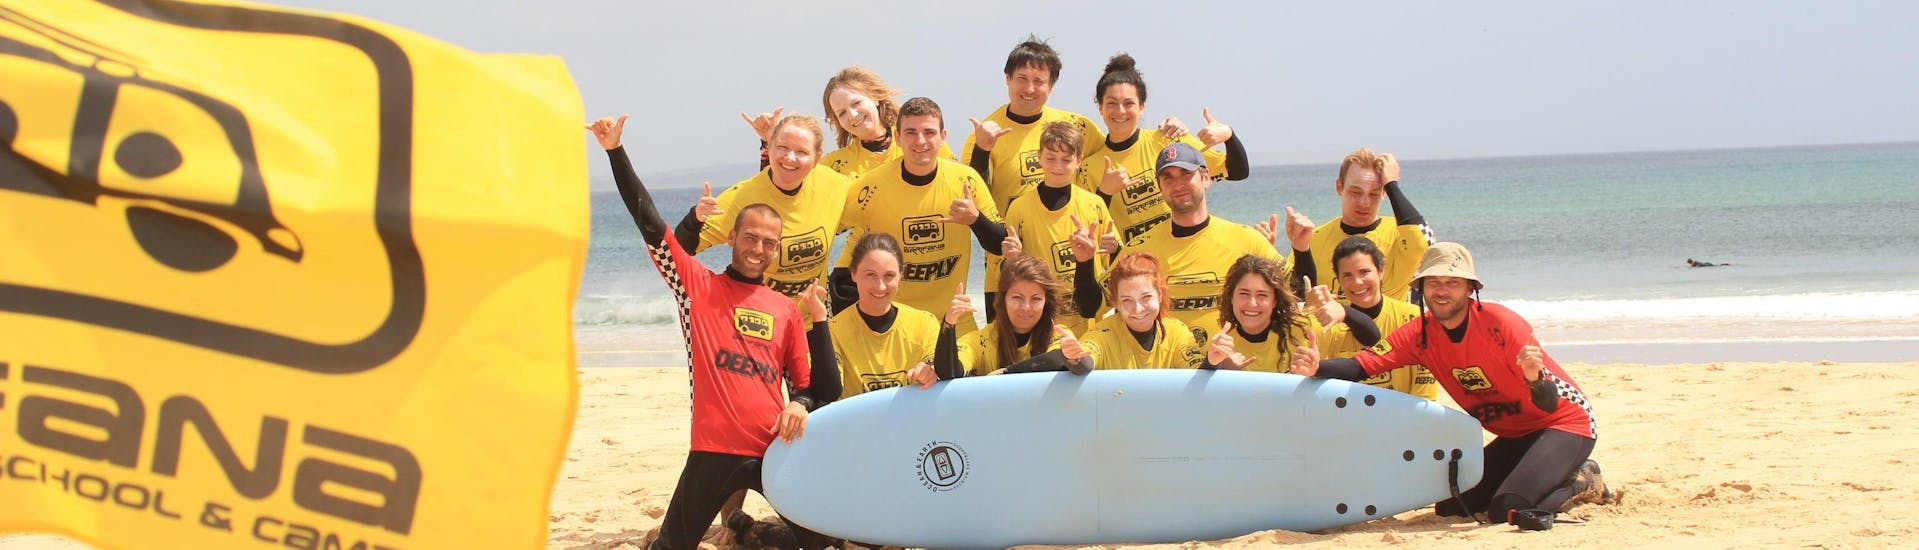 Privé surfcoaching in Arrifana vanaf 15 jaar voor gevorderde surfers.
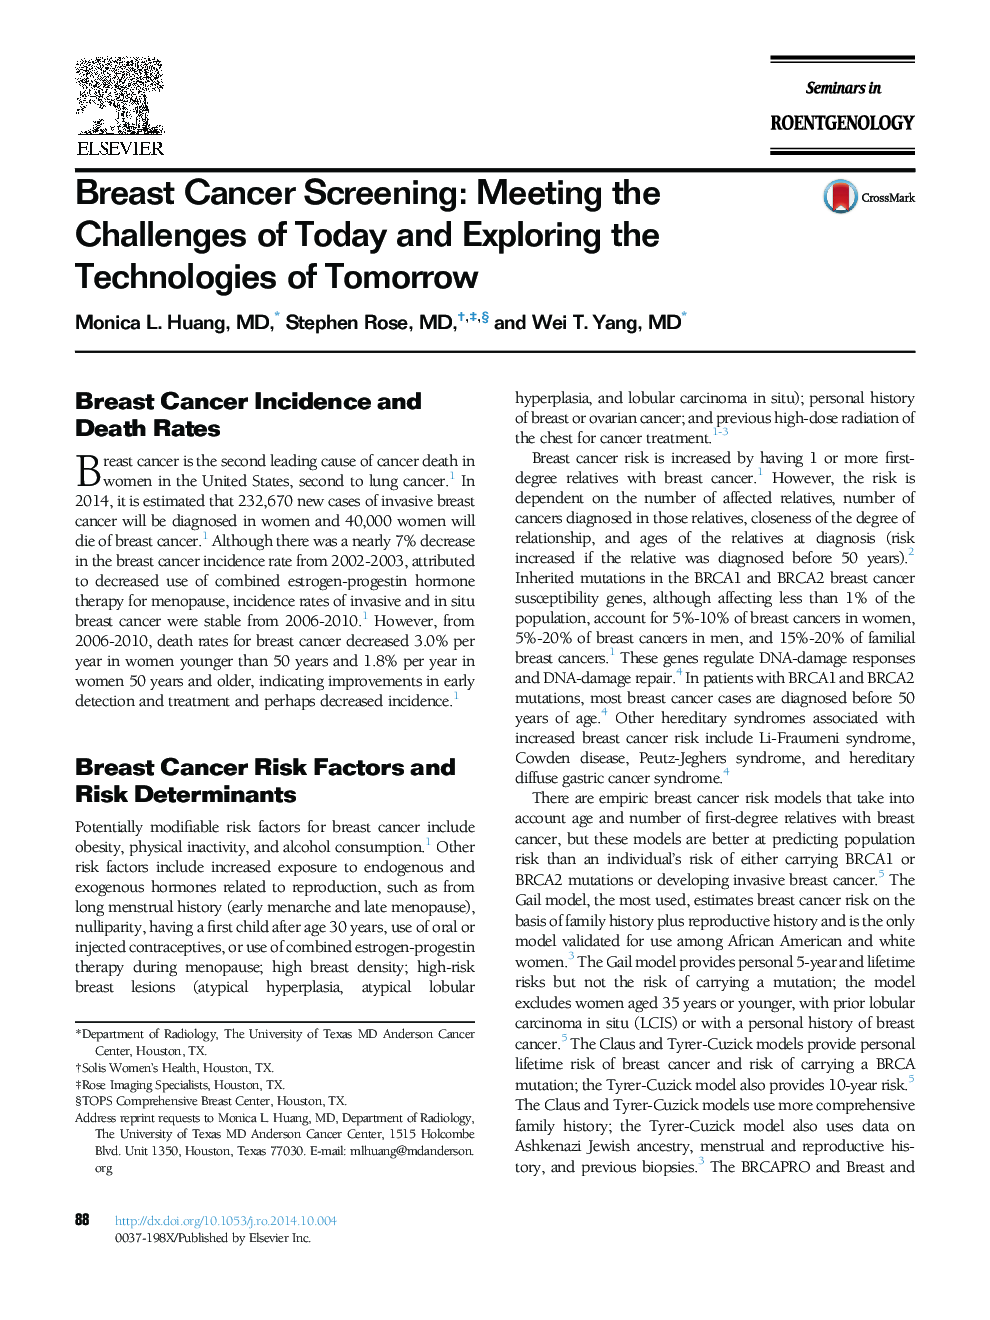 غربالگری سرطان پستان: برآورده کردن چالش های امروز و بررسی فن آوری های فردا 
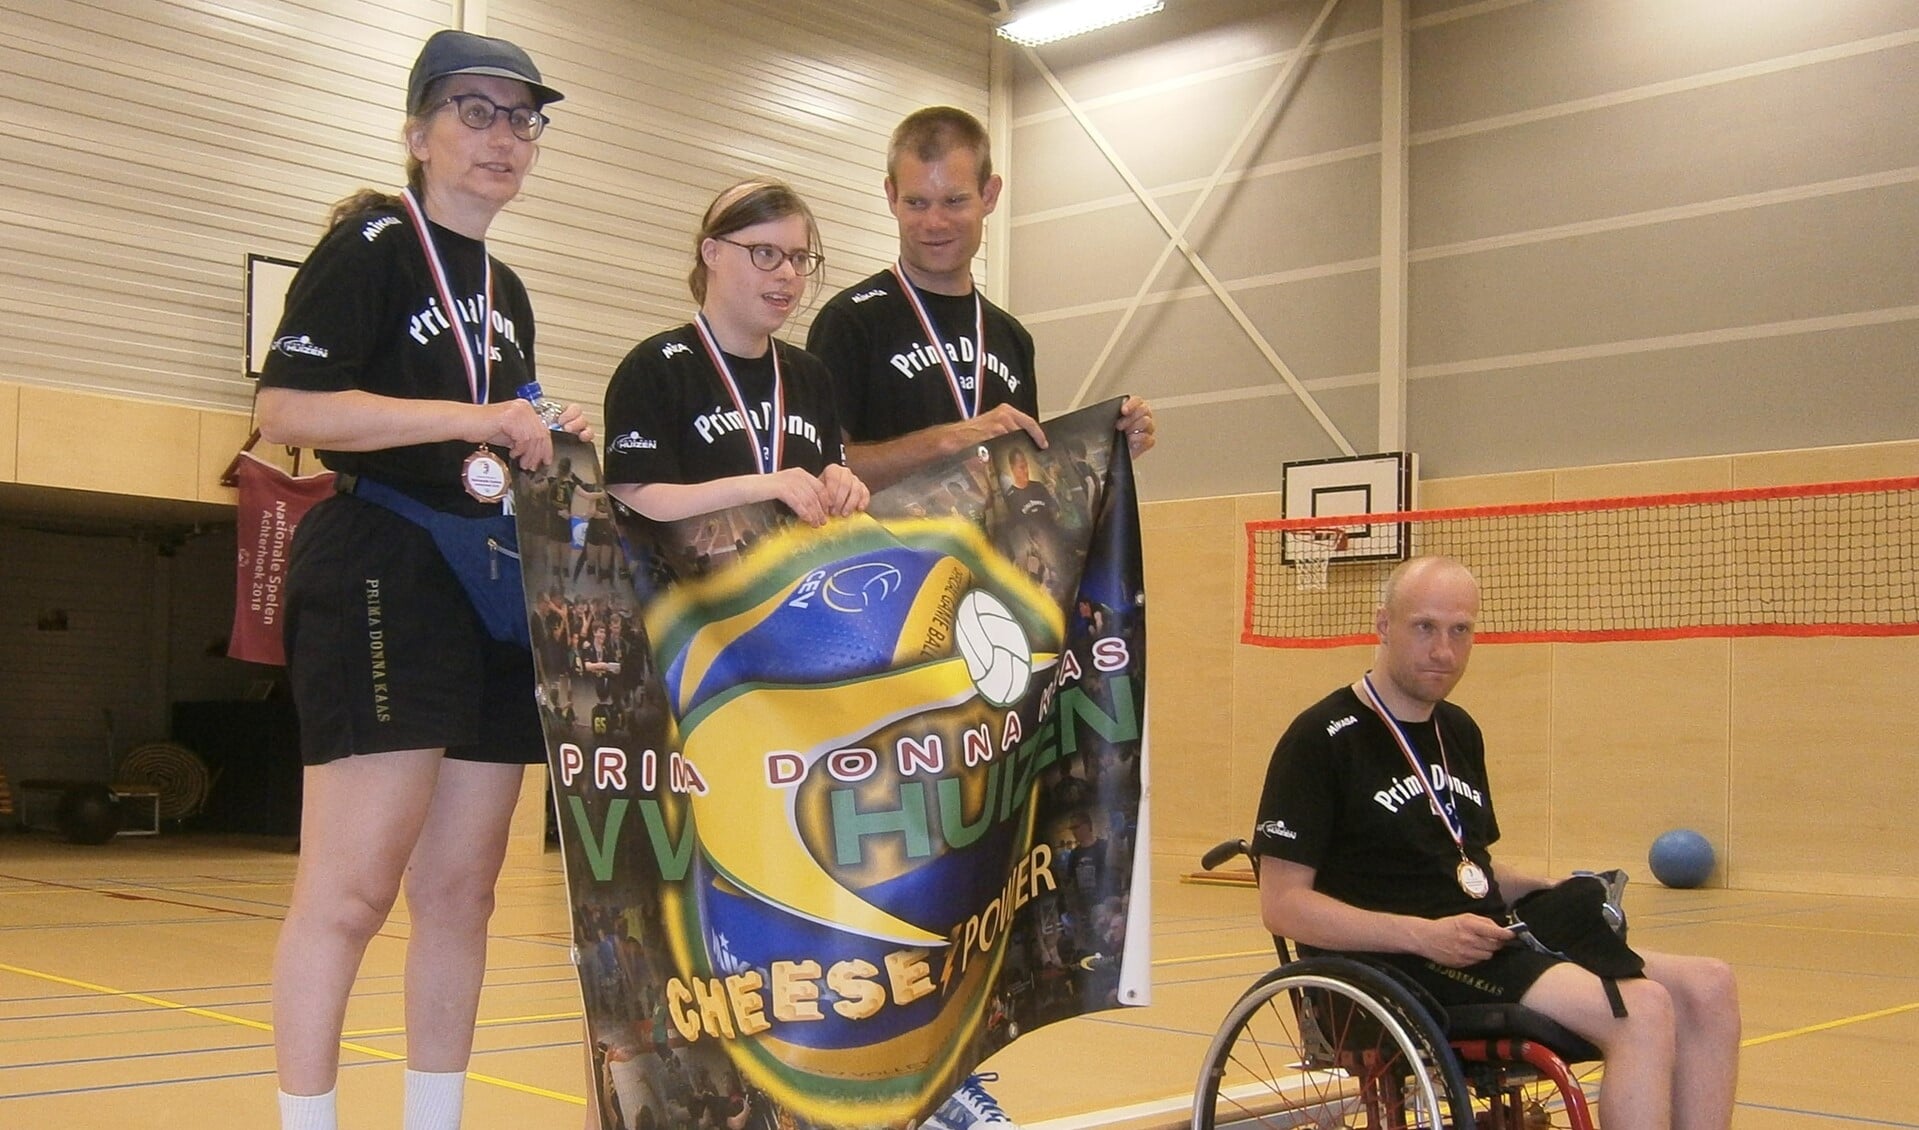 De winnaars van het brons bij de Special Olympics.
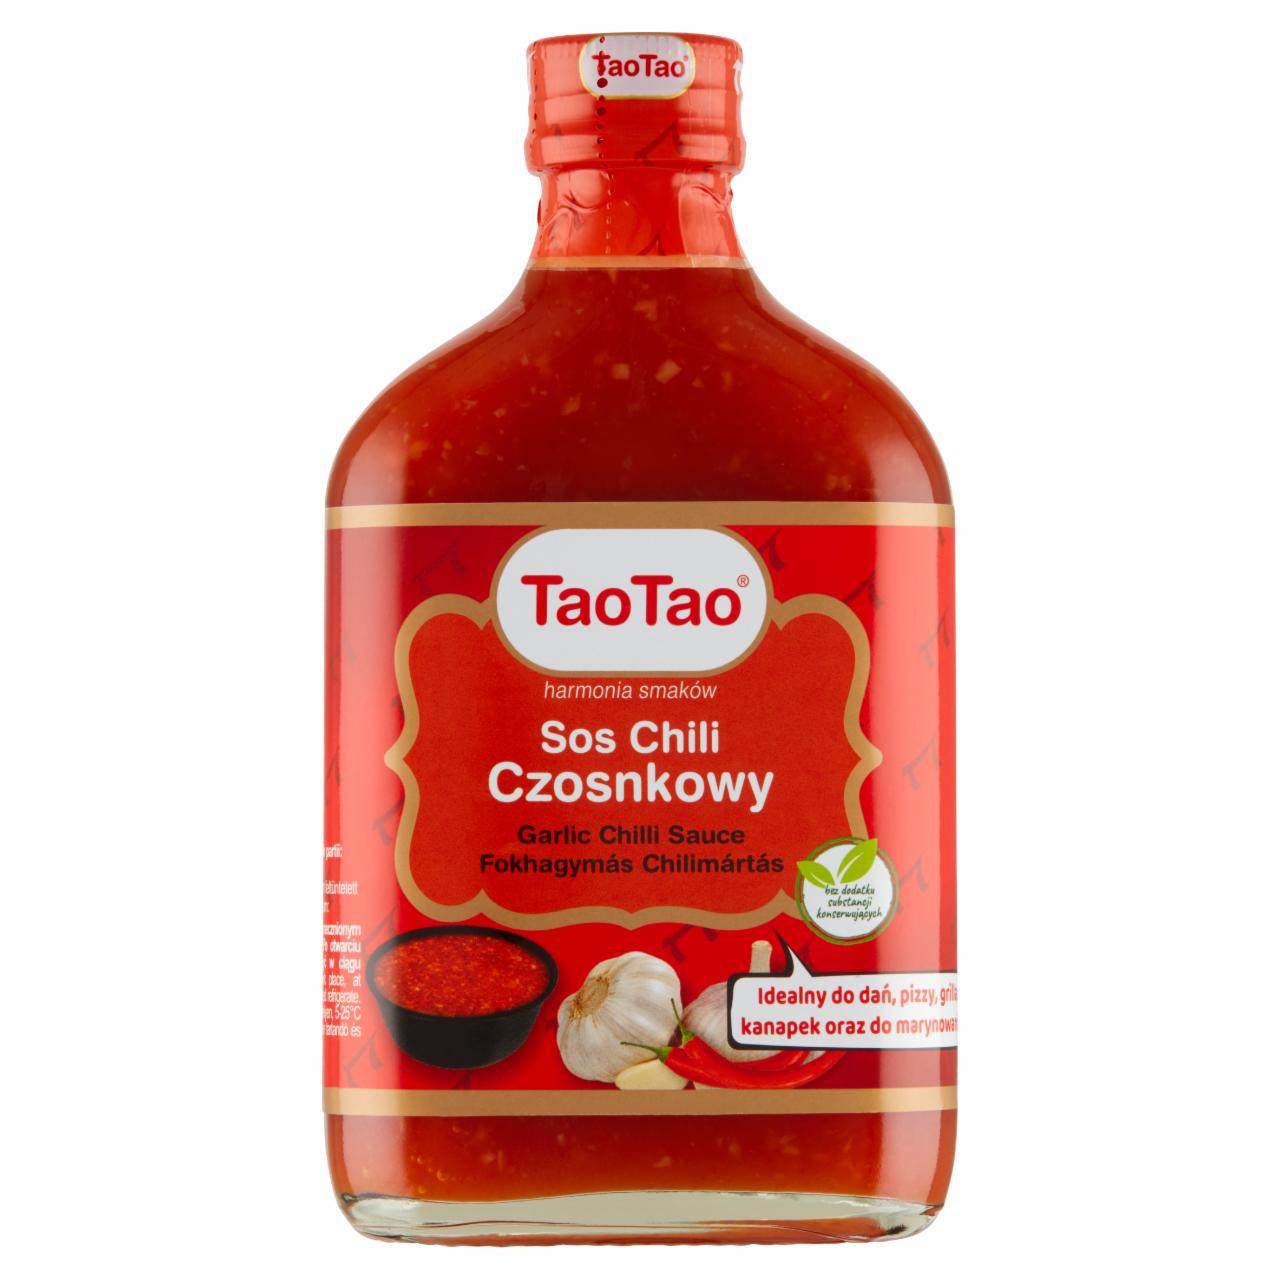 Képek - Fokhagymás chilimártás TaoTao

——————

EXERCISE GOAL — Please retype all of the material exactly, skipping whatever images it holds.

SOLUTION TO THE PROBLEM —
 Privé surfcoaching in Arrifana vanaf 15 jaar voor gevorderde surfers.
 غربالگری سرطان پستان: برآورده کردن چالش های امروز و بررسی فن آوری های فردا 
 De winnaars van het brons bij de Special Olympics.
 Képek - Fokhagymás chilimártás TaoTao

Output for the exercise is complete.